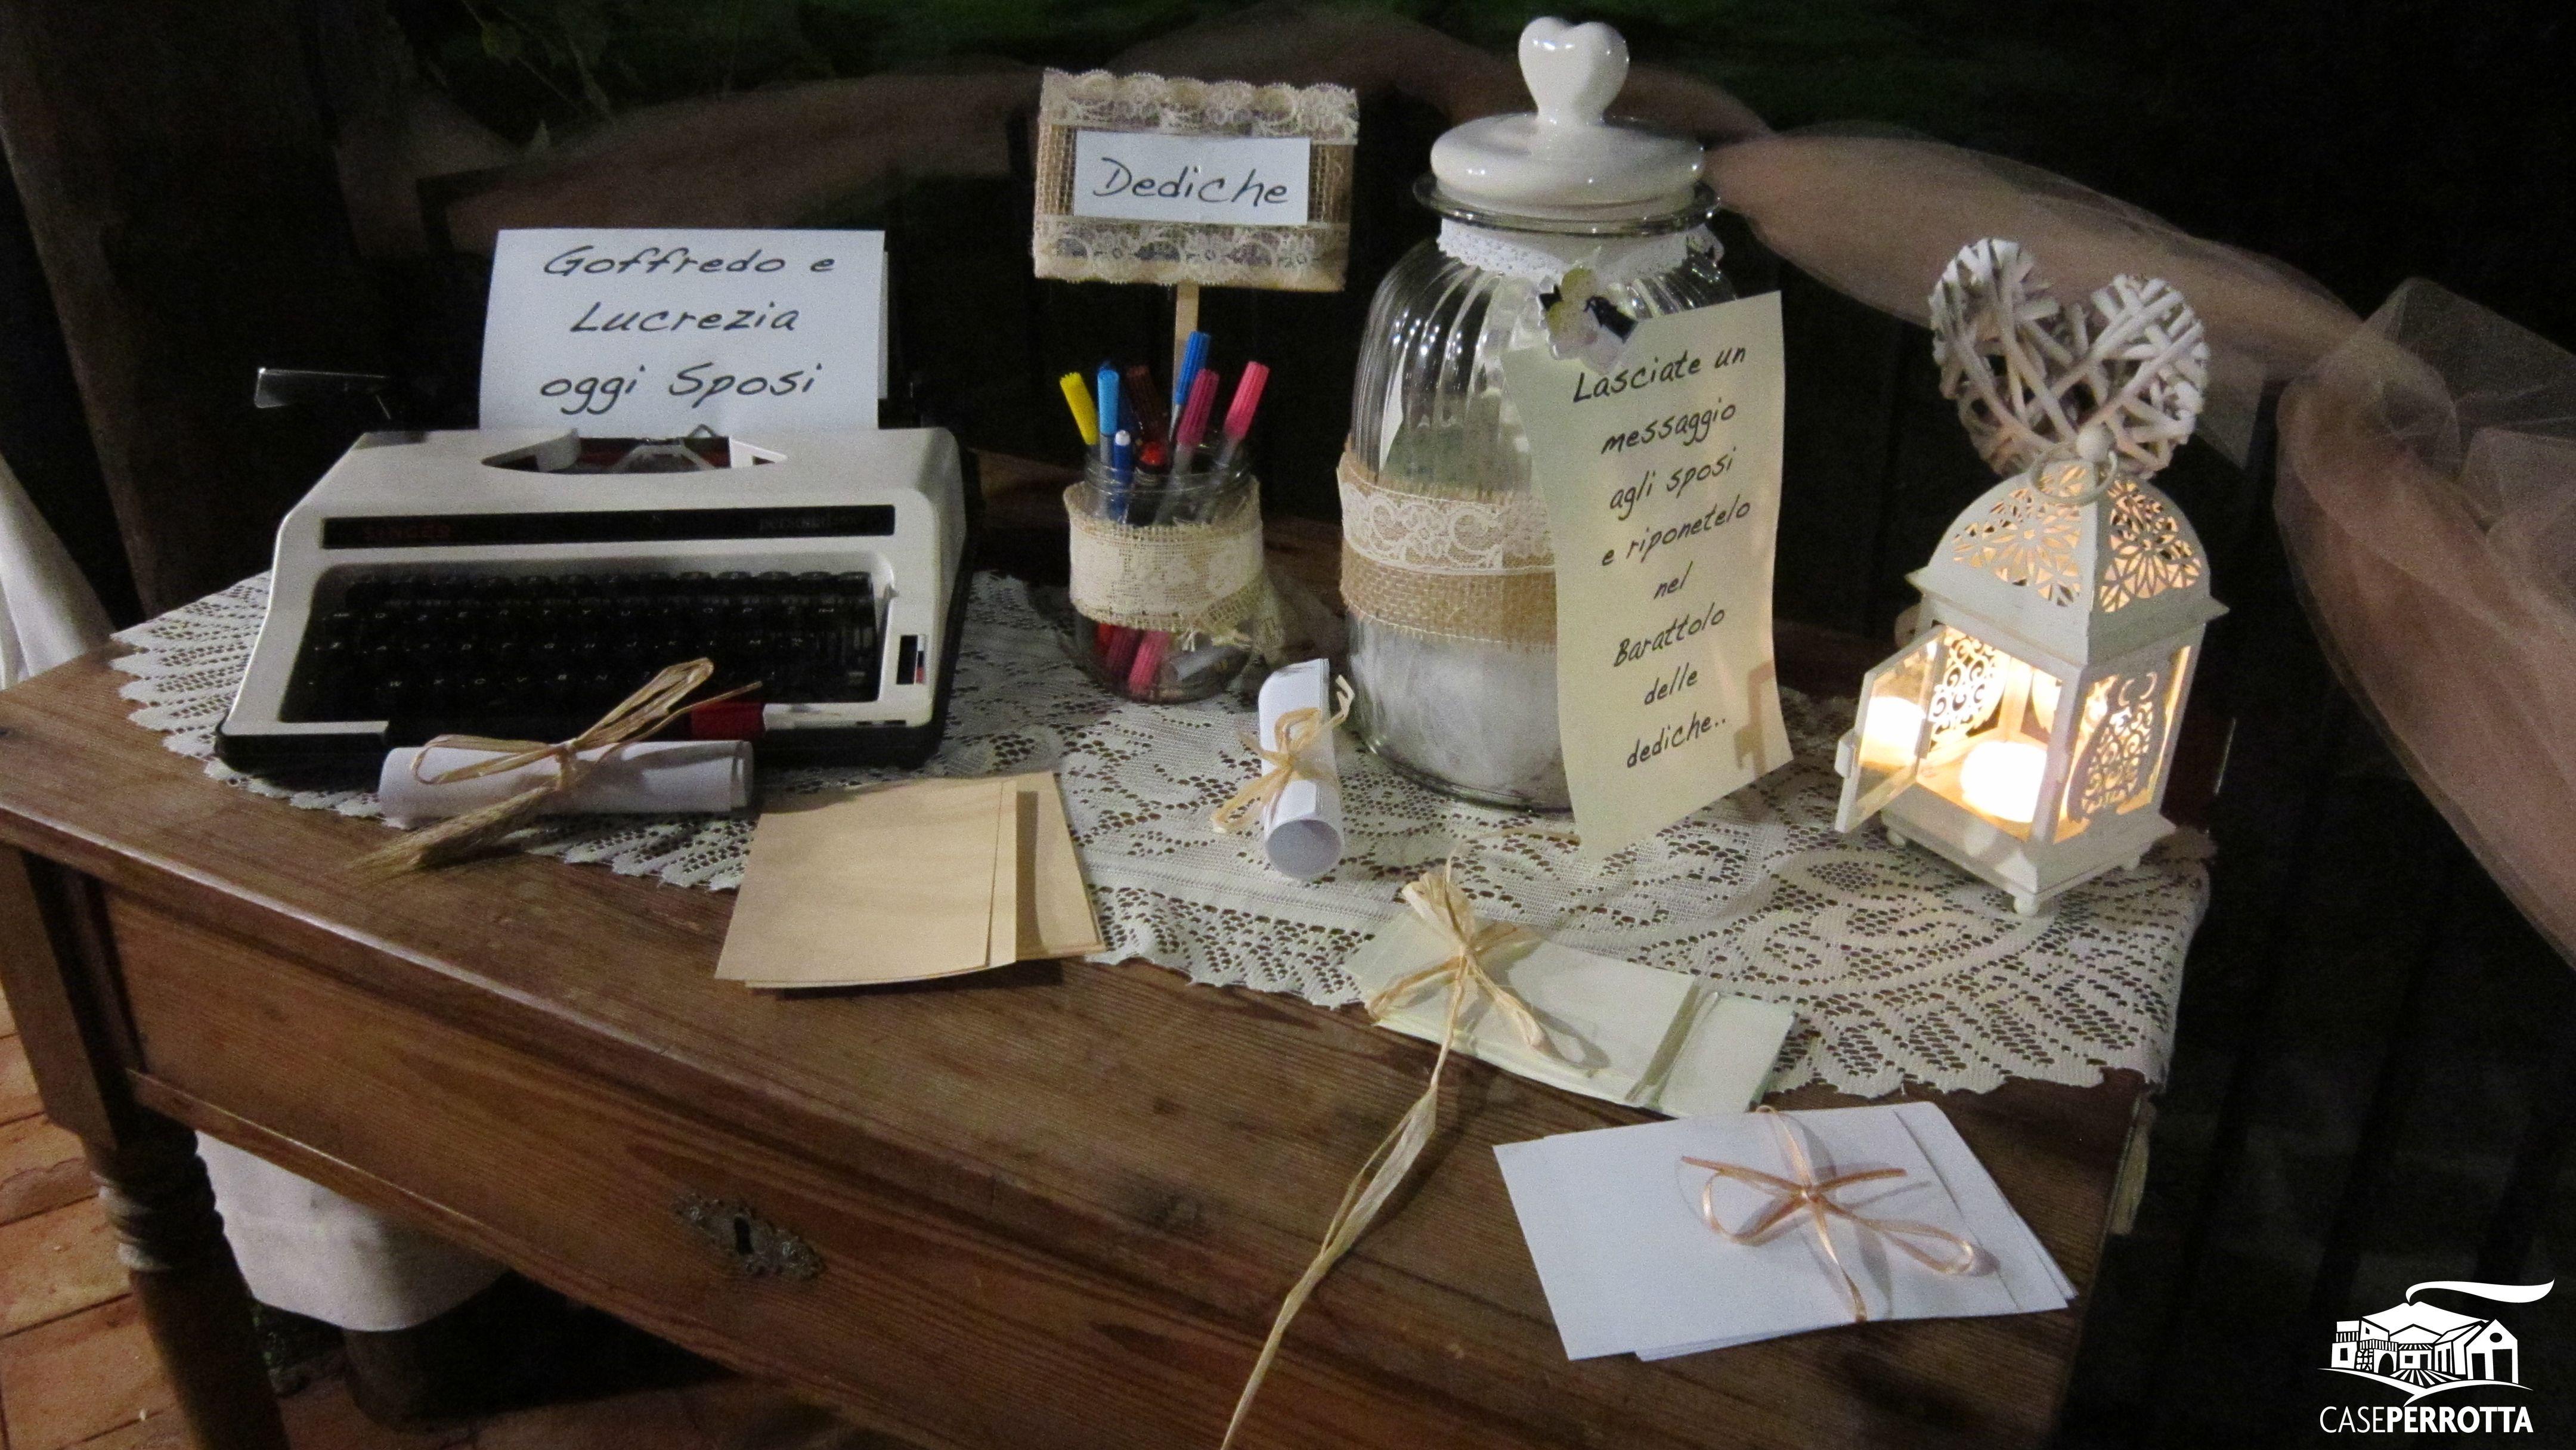 Shabby Chic Matrimonio Tavoli : Tavolo delle dediche per gli sposi per nozze in stile shabby chic
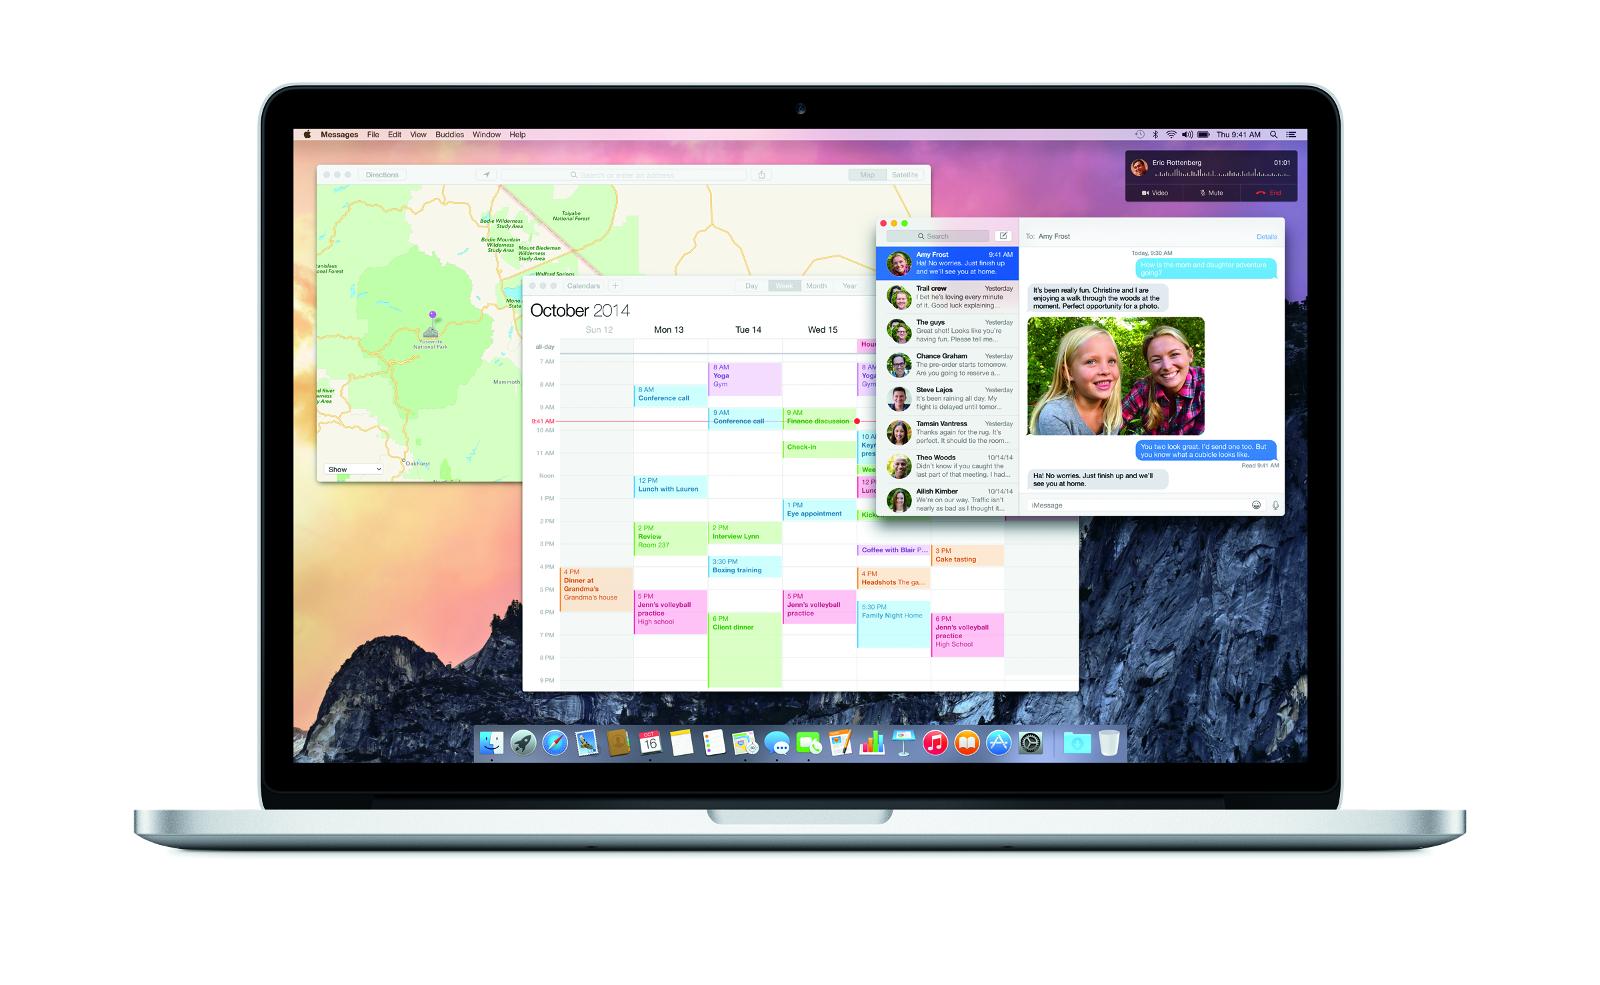 Mac OS X Yosemite MacBook Laptop
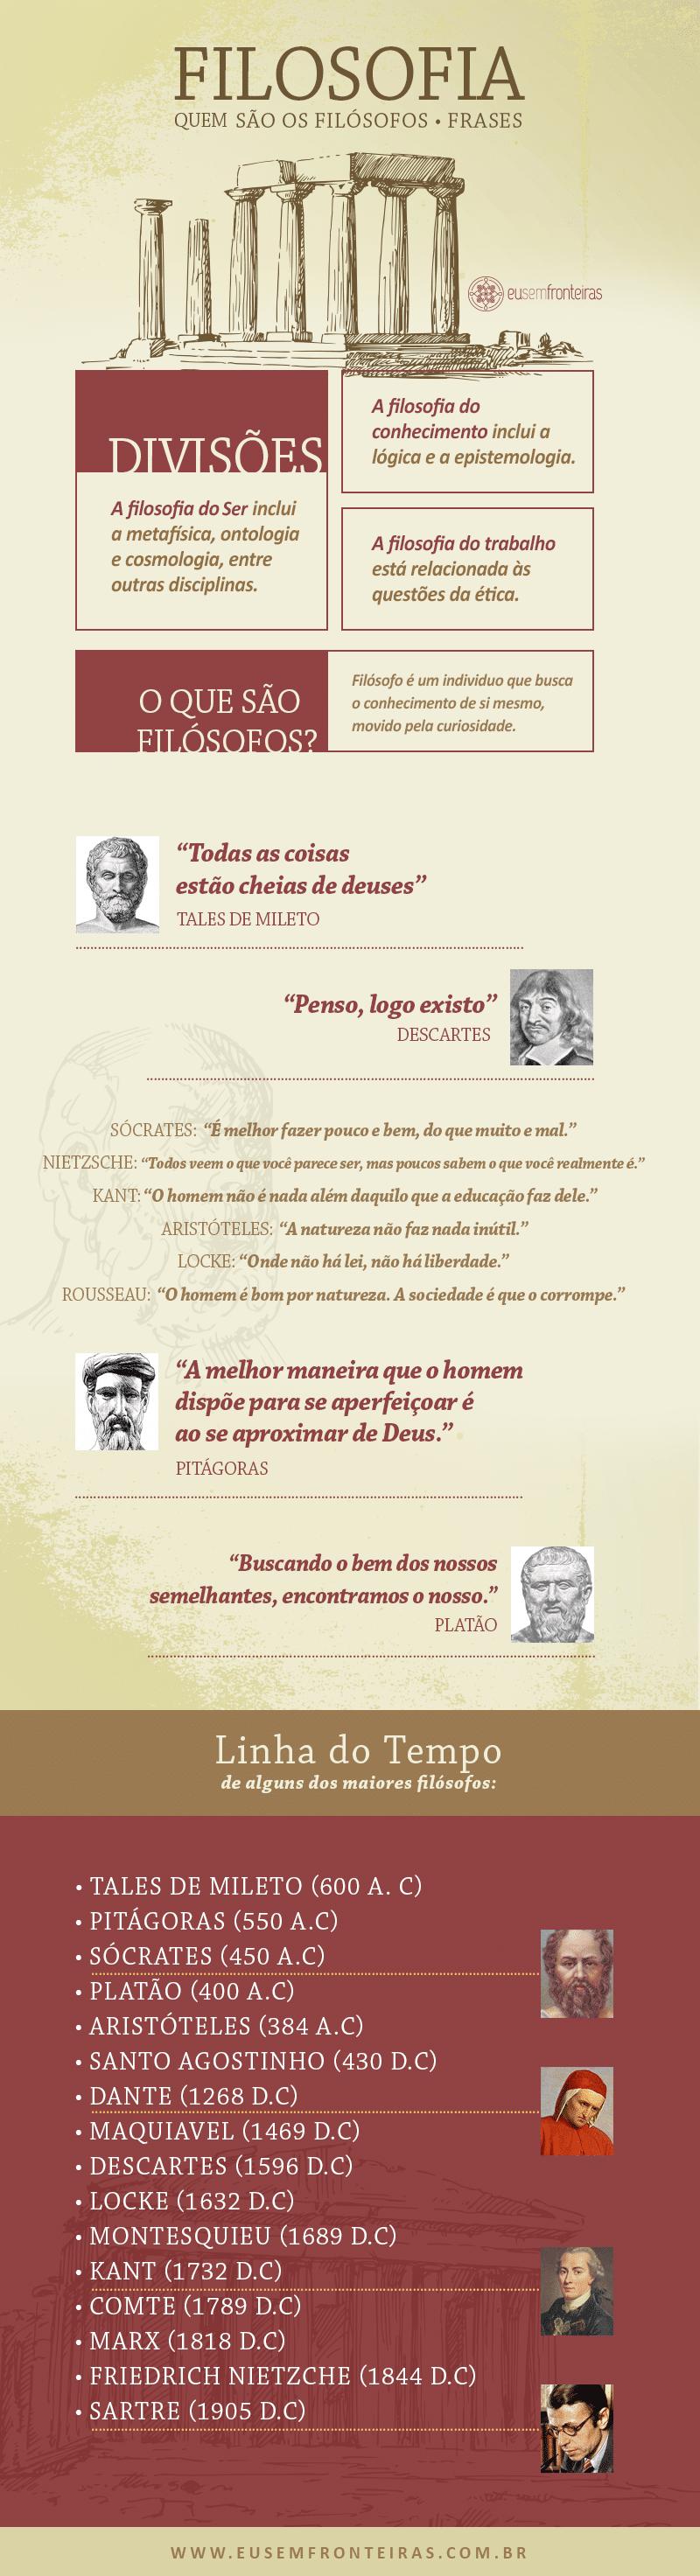 Conheça um pouco mais sobre Filosofia (1)
_ _ _ _ _ _ _
* [TASK INSTRUCTIONS]: Give back the material word for word and drop the pictures it holds.

* [WORKED SOLUTION]:
 Shabby Chic Matrimonio Tavoli : Tavolo delle dediche per gli sposi per nozze in stile shabby chic
 Mac OS X Yosemite MacBook Laptop
 Conheça um pouco mais sobre Filosofia (1)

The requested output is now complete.